Вырежете? — переспросил наш молчун — и вдруг схватился за голову. К счастью, потому что именно в этот момент его пронзила совершенно дикая боль, она и уберегла его от душевного краха, который был бы неминуем, когда он узнал о своей болезни и предстоящей операции. Он просто не успел сосредоточиться на мысли о том, как это его угораздило попасть в такую историю: сейчас он мечтал только о том, чтобы утихла боль, и готов был отдать не только опухоль, но и голову, если бы это помогло. Да, сказал хирург: он был в больнице специалистом по головам, хотя, если так складывалось, не падал в обморок и перед операцией на бедре, — да, вырежем, — и глаза у него блеснули, словно в них отразилось холодное сияние тех замечательных скальпелей, о которых он как раз думал.
И опухоль действительно вырезали без промедления, потому что она росла очень быстро и любая отсрочка принесла бы только вред, операция же для такого молодого организма — сущий пустяк. И если бы не рецидив, то в самом деле все было бы о’кей — нет опухоли, нет проблемы; но опухоль появилась снова, и наш молчун, третьим из выпускников того провинциального вуза — двое погибли в автодорожной аварии — покинул это небытие.
Девушка наша, оставшись одна, пару лет прожила в Будапеште, но так и не нашла себе партнера.

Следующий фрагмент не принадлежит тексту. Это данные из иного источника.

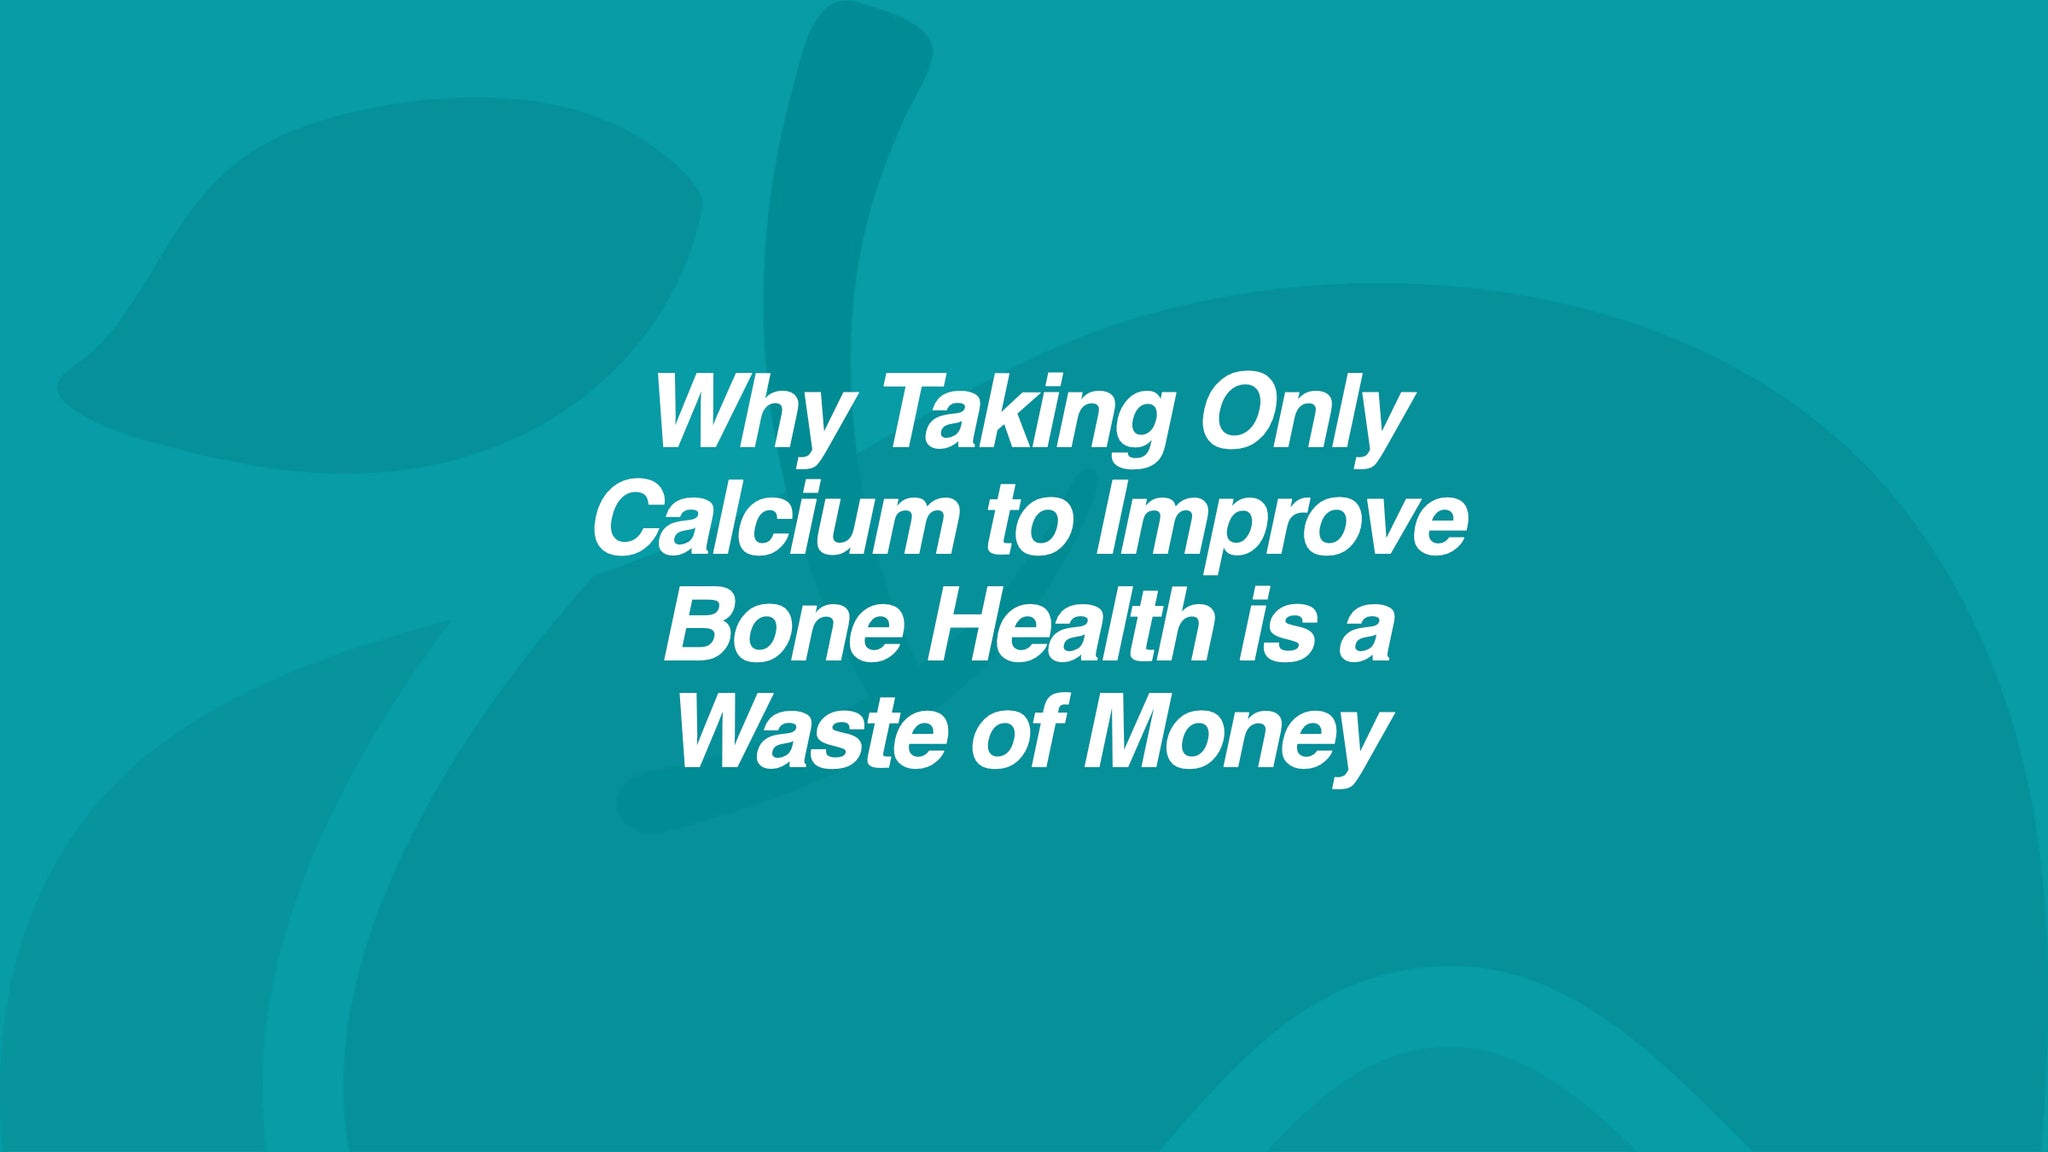 Why Taking Only Calcium to Improve Bone Health is a Waste of Money

Попадались, конечно, мужчины, которые были все еще не женаты, то есть не попались на крючок в положенное время, но ведь это в основном экземпляры с какими-нибудь психическими отклонениями. В самых простых случаях это — зависимость от выпивки, от лекарств, в более сложных — шизофрения, маниакальная депрессия. То они были с ней невероятно ласковы, то преследовали, не отпускали ни на шаг. Жизнь у нее становилась, как в каких-нибудь американских психологических ужастиках, про которые она до сих пор думала, что американские сценаристы высасывают их из пальца, чтобы загрести гонорар и месяц-другой провести на Багамах. Но оказалось, все это — чистая правда, и, например, мужчина, о котором идет речь, в самом деле ходил за ней по пятам, так что по сравнению с этим то, что она испытала раньше, когда за ней ухаживал наш парень, было, можно сказать, ничего, детские шалости. Мужчина в полном смысле слова выслеживал ее, а дома, стоя над ней, словно следователь, допытывался: что ты делала на улице Хайош? А она даже не могла ничего толком ответить, потому что не слишком хорошо знала будапештские улицы, и только мычала неопределенно. Ага, я же сказал, ага, я так и знал, — и он набрасывался на нее с кулаками и наносил ей телесные повреждения, которые в течение восьми дней[23] никак не могли зажить, а потому он запирал ее на восемь дней в квартире и отпускал, лишь убедившись, что с такими следами побоев к врачу идти уже бесполезно. Вообще-то он не так уж опасался этих медицинских освидетельствований: врач ведь тоже мужик, ворон ворону глаз не выклюет. Врачи тоже дома колотят жен, а когда надоест, детей. Мужики должны держаться вместе. Так что девушку нашу он запирал дома больше из перестраховки: ведь может попасться и врач-женщина или гомик, зачем ему лишние неприятности. Неприятностей в жизни и так хватает; да что далеко ходить: вот хоть эта баба.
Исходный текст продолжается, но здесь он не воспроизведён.